Noel, a city planning staff member, said the commission currently lacks explicit ADU policy in the general plan and code and proposed adding definitions and standards. Commissioners discussed key policy choices: whether ADUs must sit on permanent foundations (excluding tiny homes on wheels), maximum unit size (examples referenced a 1,000-square-foot cap used elsewhere), minimum lot-size thresholds (one commissioner suggested limiting permits to larger lots), parking requirements (several cities require two off-street paved spaces), and setbacks and fire-code compliance (members suggested increasing accessory-building side and rear setbacks from 3 to 5 feet and discussed 10–15 foot separations between structures).

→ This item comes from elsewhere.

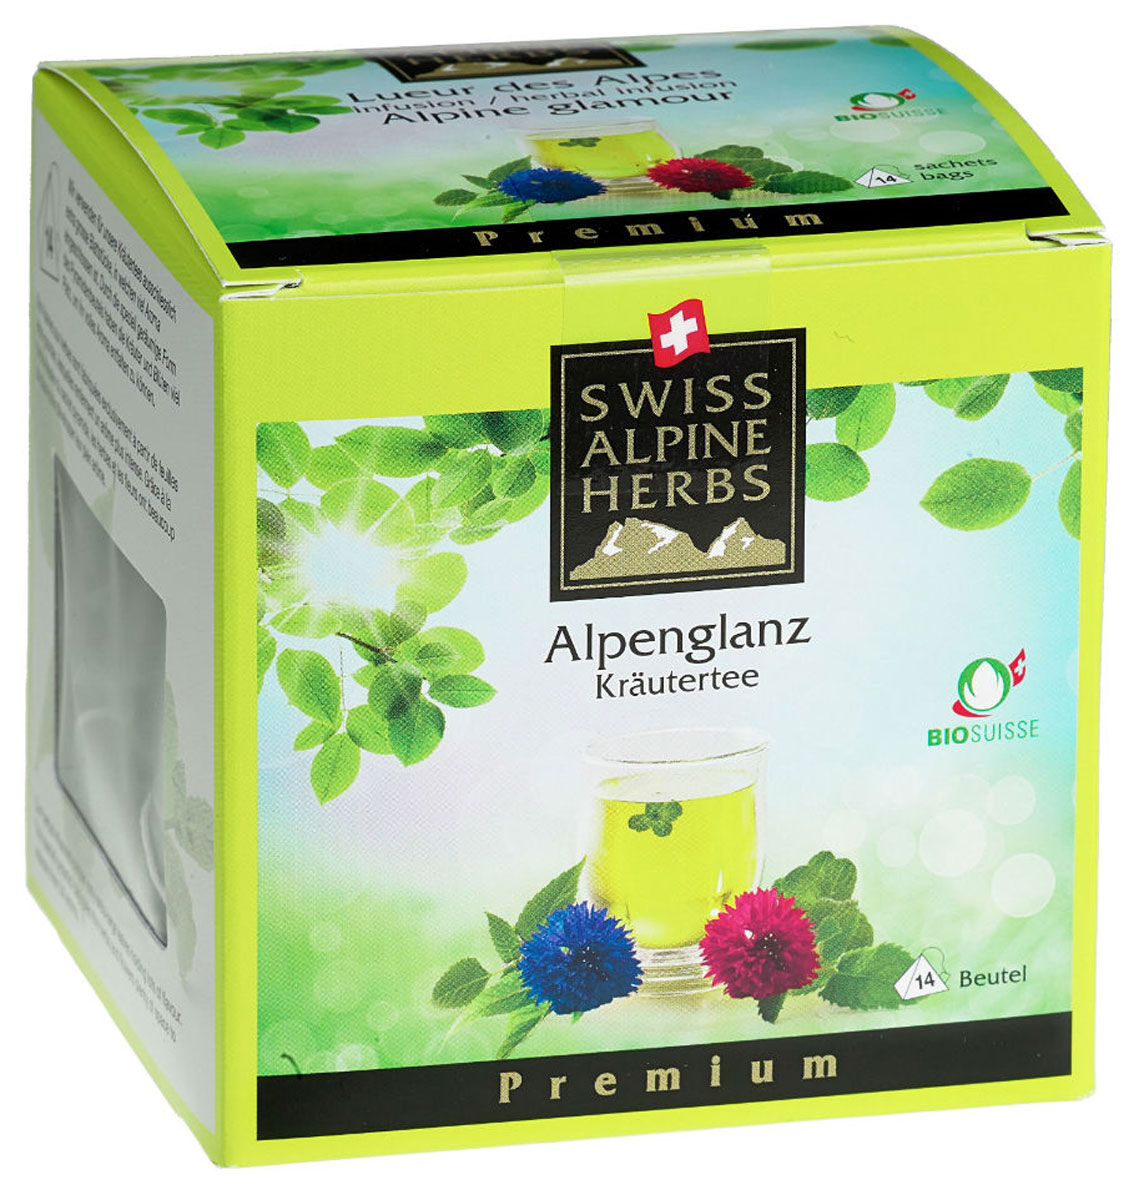 Swiss Alpine Herbs Альпийский гламур травяной чай в пакетиках, 14 шт80088-00Элитный чай в пирамидках Swiss Alpine Herbs– это вкусный, бодрящий и тонизирующий напиток. В его состав входят альпийские травы: мелисса, марокканская мята, апельсиновая мята, яблочная мята, монарда двойчатая, цветки василька голубого и красного. Это не просто вкусный, но и очень полезный чай, который обеспечит ваш организм необходимыми витаминами.

Noel noted several practical constraints: ADUs typically must connect to the primary residence’s water and sewer to avoid separate service lines, and utility-billing arrangements vary — the draft described billing for the ADU combined with the primary meter but some sample codes require separate billing or addresses. Commissioners also discussed whether to create a new chapter under Title 10 (proposed Chapter 23) to make ADU rules easier to find and how to reconcile definitions used in other nearby cities.
The commission did not adopt a final ADU code; Noel proposed circulating an Excel worksheet of the policy choices (lot size, setbacks, foundation, utility connections, parking, occupancy and conditional-use criteria) and asked commissioners to prioritize items for the next meeting. Noel emphasized that internal ADUs are already required by state code but that there is no current state mandate for external ADUs. Commissioners asked staff for a prioritized list and suggested additional legal review before formal code language is drafted.
The commission will return to ADU policy in a subsequent meeting after staff compiles suggested edits and the Excel checklist.